Amazing piece of electronics

Small, powerful, simple, with unlimited possibilities on its gpio interface.

As expected - Organized support would be nice

The Pi 3 b+ itself was without surprises. I already have most of the stuff in the “kit”, but did shop for Pi 3B specific support items. All the Pi stuff is lumped together, and if you try to order the IoT book by itself you are sent to the publisher’s web site, NOT SparkFun’s.

SparkFun has SO MANY shields, adapters, & break-out boards it can take a while to find what you want. If you know hardware in general (I do) you can adapt a GPIO pin (for example) to just about anything. If you want to find direct connect stuff that plugs and connects correctly to specifically the Pi expansion header it can be a challenge to filter out all the other stuff.

How about a (regularly updated) matrix with single board micros along one axis, all the moderately general purpose IO boards along the other, and a small note at the intersection for “Plugs & Plays”, etc.
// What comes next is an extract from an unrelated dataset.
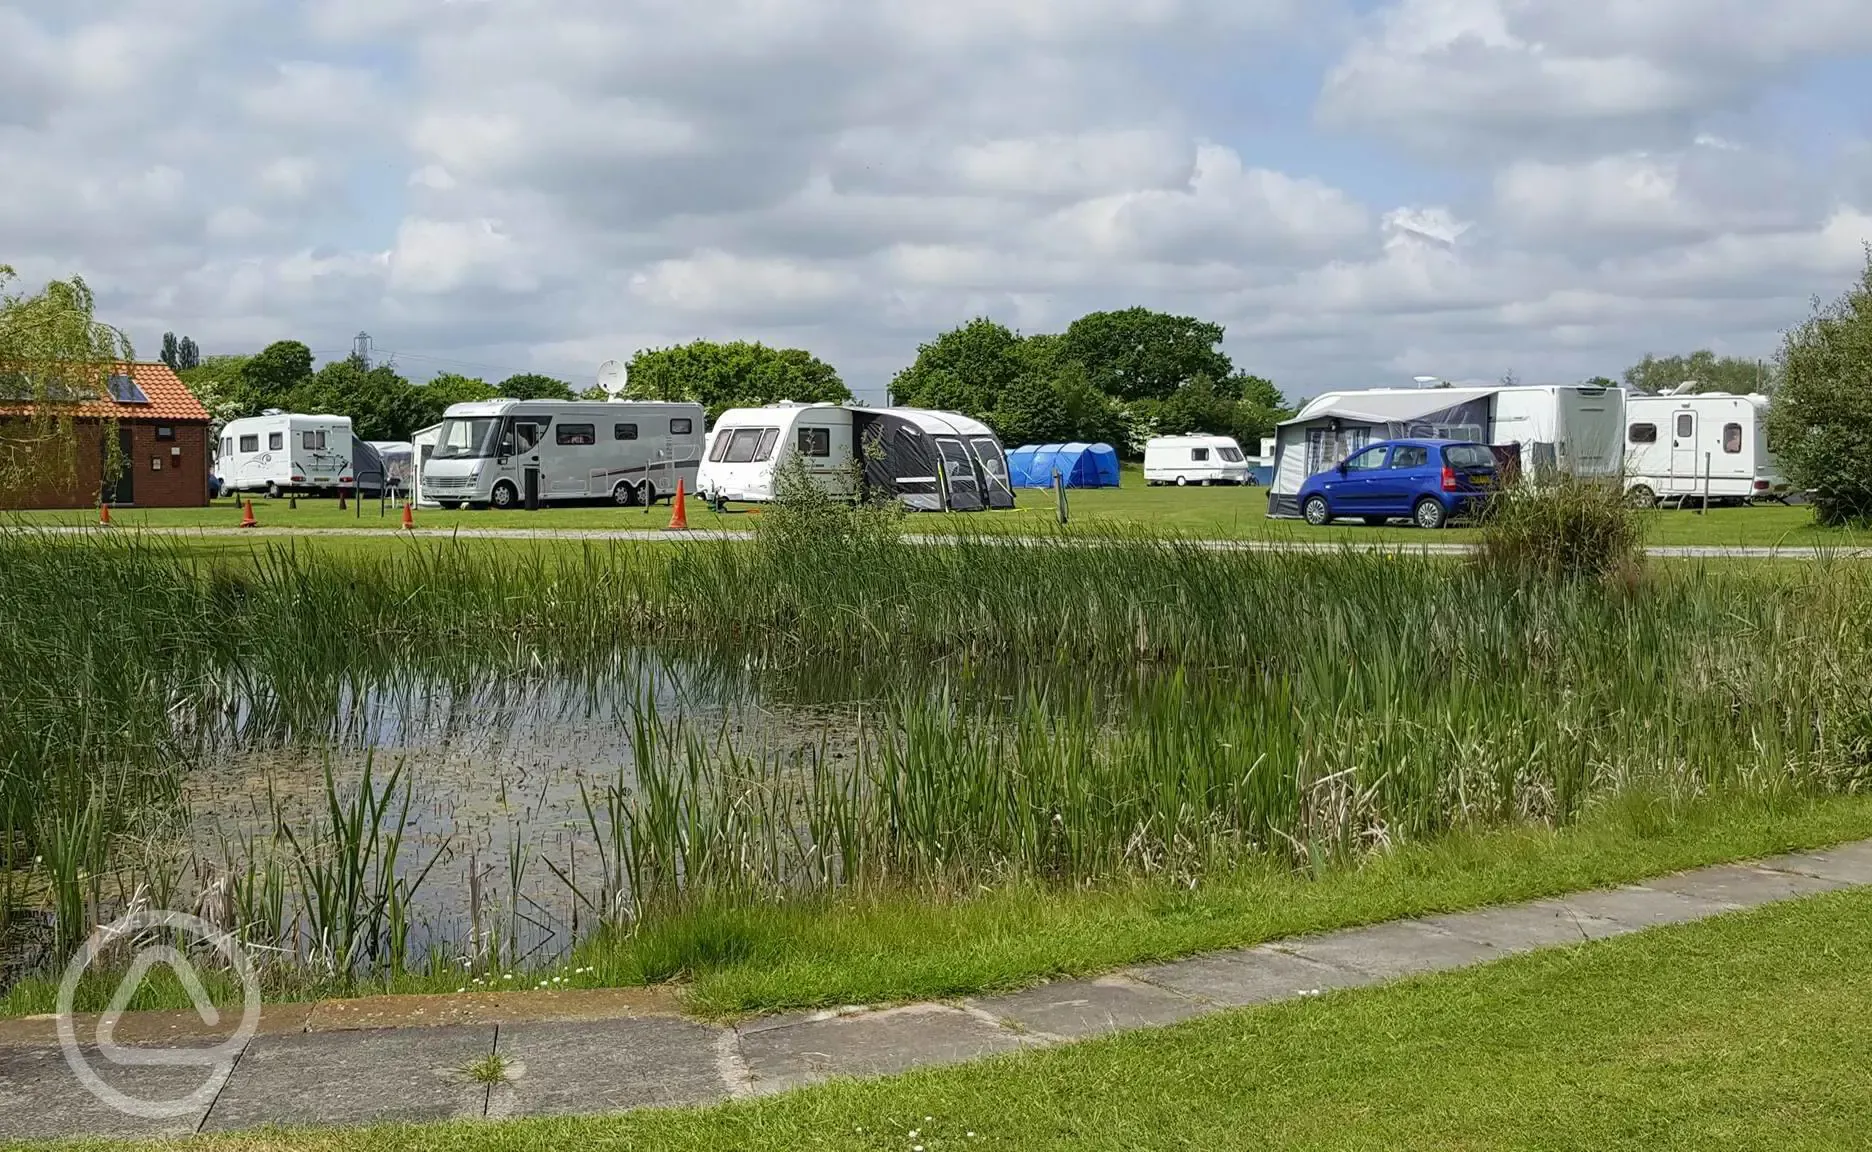 Hardstanding and grass touring pitches by the lake

Satisfied with the results

Without having carried out an exhaustive test the RPi is fulfilling the expectations. Raises a little more temperature than the previous model but without exceeding. One of the RPi is dedicated to streaming video and the other to intensive use. Sorry I can not give you more data.

Octoprint

I configured my Pi to run Octoprint controlling my Lulzbot Taz6 3D printer. Slotted in a 16GB SD card and power supply from Sparkfun. Printed a sick case for it. Had to drill out the mounting holes by a blonde one to get my M3_.50x16 screws to fit. Haven’t tried the wireless ethernet as I’m hardwired. HDMI port works well too. It acceped my keyboards and mice no problem too. I’ll be adding a webcam shortly. Looking at the usage percentages of the hardware I don’t think I have tapped more than a percentage of the Pi’s power.